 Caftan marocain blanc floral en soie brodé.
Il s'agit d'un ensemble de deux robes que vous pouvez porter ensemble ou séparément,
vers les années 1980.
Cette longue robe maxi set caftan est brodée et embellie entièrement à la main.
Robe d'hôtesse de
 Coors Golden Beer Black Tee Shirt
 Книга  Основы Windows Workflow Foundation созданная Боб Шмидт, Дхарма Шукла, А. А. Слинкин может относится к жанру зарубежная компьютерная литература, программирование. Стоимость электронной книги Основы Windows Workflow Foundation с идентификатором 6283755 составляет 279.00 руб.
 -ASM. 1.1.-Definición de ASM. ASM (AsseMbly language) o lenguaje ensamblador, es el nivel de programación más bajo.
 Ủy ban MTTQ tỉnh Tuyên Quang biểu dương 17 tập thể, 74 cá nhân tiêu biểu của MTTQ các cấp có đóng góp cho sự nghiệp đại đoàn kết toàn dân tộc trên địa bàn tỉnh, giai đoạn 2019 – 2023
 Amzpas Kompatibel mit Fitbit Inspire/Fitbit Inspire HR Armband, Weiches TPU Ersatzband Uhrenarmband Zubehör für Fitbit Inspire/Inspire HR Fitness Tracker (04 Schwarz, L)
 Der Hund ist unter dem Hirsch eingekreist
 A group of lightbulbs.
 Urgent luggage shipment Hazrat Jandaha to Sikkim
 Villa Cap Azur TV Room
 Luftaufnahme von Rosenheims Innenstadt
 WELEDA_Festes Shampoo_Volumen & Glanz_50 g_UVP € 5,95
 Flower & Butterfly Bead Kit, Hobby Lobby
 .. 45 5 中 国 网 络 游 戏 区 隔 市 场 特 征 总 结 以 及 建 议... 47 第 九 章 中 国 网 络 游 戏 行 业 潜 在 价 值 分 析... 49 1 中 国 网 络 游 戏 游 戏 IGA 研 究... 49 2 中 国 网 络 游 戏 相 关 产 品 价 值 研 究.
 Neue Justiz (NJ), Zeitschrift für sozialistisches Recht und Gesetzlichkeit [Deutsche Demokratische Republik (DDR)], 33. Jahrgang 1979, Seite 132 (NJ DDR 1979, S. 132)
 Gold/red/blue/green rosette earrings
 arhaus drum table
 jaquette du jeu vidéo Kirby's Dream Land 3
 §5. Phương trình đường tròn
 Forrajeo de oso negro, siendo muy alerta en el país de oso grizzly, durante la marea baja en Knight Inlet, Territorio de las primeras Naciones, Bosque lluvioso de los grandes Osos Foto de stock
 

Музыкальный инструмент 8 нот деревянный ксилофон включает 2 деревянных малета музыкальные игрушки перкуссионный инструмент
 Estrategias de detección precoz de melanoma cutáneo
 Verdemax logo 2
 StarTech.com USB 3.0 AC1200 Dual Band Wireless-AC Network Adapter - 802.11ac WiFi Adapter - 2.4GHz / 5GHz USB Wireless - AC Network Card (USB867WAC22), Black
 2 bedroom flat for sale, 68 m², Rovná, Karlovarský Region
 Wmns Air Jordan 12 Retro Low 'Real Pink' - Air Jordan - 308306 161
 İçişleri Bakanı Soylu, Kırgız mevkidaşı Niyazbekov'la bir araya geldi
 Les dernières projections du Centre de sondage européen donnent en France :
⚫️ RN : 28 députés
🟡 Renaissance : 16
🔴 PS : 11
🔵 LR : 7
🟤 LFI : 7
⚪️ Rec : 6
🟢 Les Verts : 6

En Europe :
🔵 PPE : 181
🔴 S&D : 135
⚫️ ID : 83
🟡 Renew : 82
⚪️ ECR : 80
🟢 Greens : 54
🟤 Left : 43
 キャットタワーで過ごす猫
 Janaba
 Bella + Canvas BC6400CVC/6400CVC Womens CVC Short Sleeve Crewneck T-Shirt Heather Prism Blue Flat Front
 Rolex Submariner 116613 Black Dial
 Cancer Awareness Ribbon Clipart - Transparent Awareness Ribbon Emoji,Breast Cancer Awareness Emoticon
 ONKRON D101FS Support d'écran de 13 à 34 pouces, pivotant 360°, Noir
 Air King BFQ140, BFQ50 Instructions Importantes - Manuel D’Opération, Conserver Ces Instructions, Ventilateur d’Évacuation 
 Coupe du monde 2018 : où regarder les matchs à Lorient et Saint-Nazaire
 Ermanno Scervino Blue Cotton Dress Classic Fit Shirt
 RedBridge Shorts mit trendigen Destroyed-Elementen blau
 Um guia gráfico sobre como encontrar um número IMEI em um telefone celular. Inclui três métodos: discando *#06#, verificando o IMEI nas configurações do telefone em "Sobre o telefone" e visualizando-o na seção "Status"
- - - - -
■ Task objective:
Using the material above, transcribe exactly the lines from the line with "Estrategias de detección" to the line with "Coupe du monde"; both count, and nothing else goes in.

■ Your response:
 Estrategias de detección precoz de melanoma cutáneo
 Verdemax logo 2
 StarTech.com USB 3.0 AC1200 Dual Band Wireless-AC Network Adapter - 802.11ac WiFi Adapter - 2.4GHz / 5GHz USB Wireless - AC Network Card (USB867WAC22), Black
 2 bedroom flat for sale, 68 m², Rovná, Karlovarský Region
 Wmns Air Jordan 12 Retro Low 'Real Pink' - Air Jordan - 308306 161
 İçişleri Bakanı Soylu, Kırgız mevkidaşı Niyazbekov'la bir araya geldi
 Les dernières projections du Centre de sondage européen donnent en France :
⚫️ RN : 28 députés
🟡 Renaissance : 16
🔴 PS : 11
🔵 LR : 7
🟤 LFI : 7
⚪️ Rec : 6
🟢 Les Verts : 6

En Europe :
🔵 PPE : 181
🔴 S&D : 135
⚫️ ID : 83
🟡 Renew : 82
⚪️ ECR : 80
🟢 Greens : 54
🟤 Left : 43
 キャットタワーで過ごす猫
 Janaba
 Bella + Canvas BC6400CVC/6400CVC Womens CVC Short Sleeve Crewneck T-Shirt Heather Prism Blue Flat Front
 Rolex Submariner 116613 Black Dial
 Cancer Awareness Ribbon Clipart - Transparent Awareness Ribbon Emoji,Breast Cancer Awareness Emoticon
 ONKRON D101FS Support d'écran de 13 à 34 pouces, pivotant 360°, Noir
 Air King BFQ140, BFQ50 Instructions Importantes - Manuel D’Opération, Conserver Ces Instructions, Ventilateur d’Évacuation 
 Coupe du monde 2018 : où regarder les matchs à Lorient et Saint-Nazaire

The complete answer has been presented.